A New Map for the Middle East?

On May 16, 1916, representatives of Great Britain and France signed an agreement that had been negotiated by Mark Sykes and François Georges-Picot to divide up the Middle East into British and French spheres of influence after the end of the Great War and the destruction of the Ottoman Empire. The Sykes-Picot Agreement, now 100 years old, has been denounced ever since for perpetuating a supposedly artificial division of the Middle East into unpopular nation states whose existence only fuels conflicts. Many now suggest that it is time to discard Sykes-Picot in order to solve the region’s myriad problems.

As my Council on Foreign Relations colleagues, Steven A. Cook and Amr T. Leheta, suggest, this attributes rather too much influence to a treaty that was never actually implemented. In practice, Britain never ceded France all of the influence that Sykes-Picot had promised, and the actual boundaries of the modern Middle East were determined in a series of diplomatic conferences between 1920 and 1926. The ultimate result was to create the forerunner of the region we know today, giving birth to Palestine/Israel, Syria, Jordan, Lebanon, Iraq, and Saudi Arabia, among others.
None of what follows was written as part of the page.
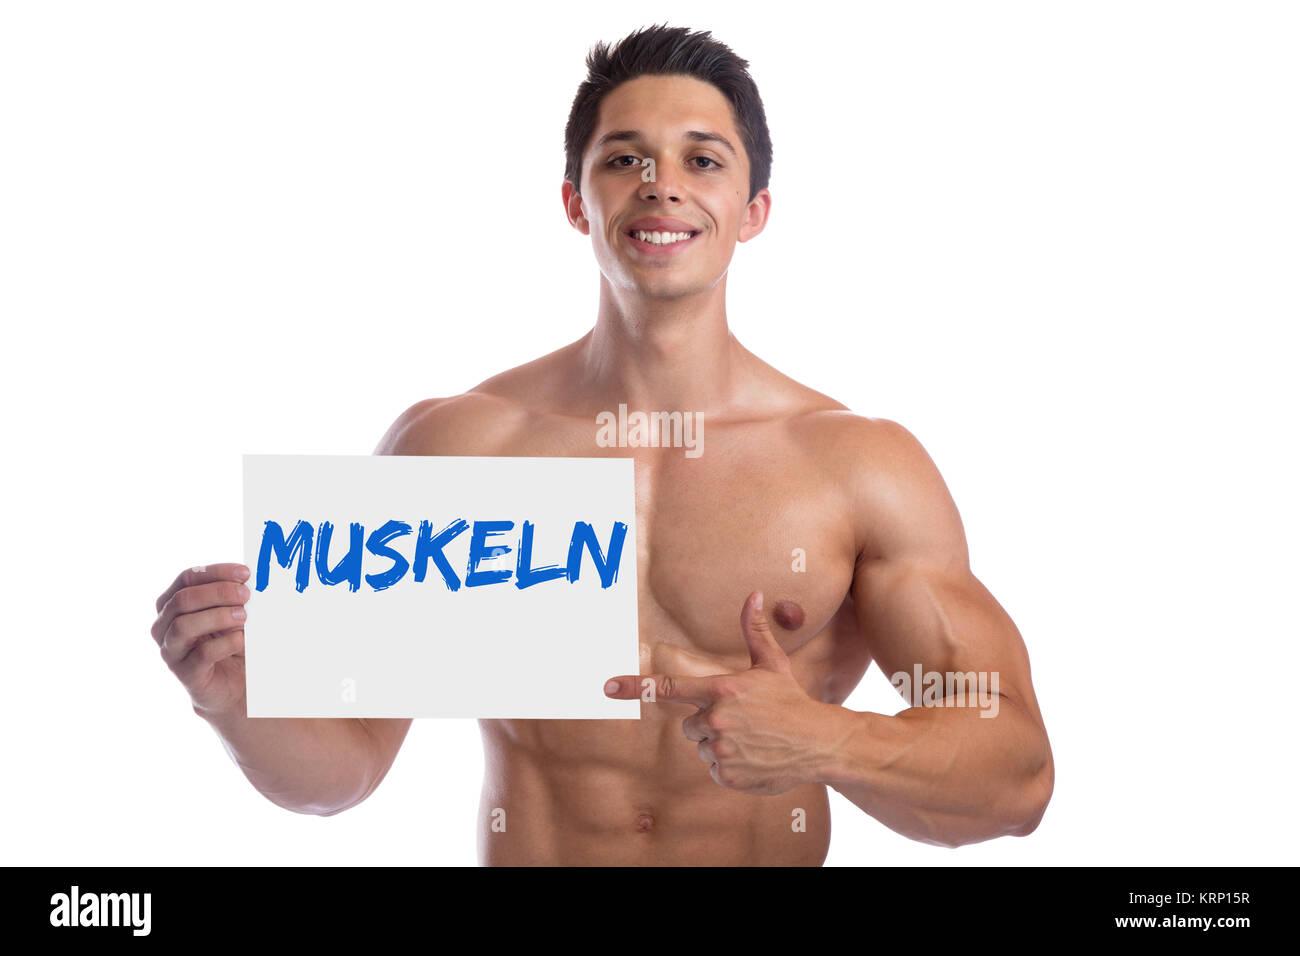 Bodybuilding culturista muscoli protezione muscolare body building uomo forte muscolare taglio giovani Immagini Stock

The boundaries of the Middle East are no more arbitrary than the boundaries of any other place. Look at Europe, where the borders between Germany and Poland shifted substantially after both World War I and World War II. Germany itself is just as artificial as Iraq having coming into existence only slightly earlier, in 1871. Indeed countries continue to form and break up all over the world—witness the independence of the former Soviet republics after 1991 or the breakup of Yugoslavia.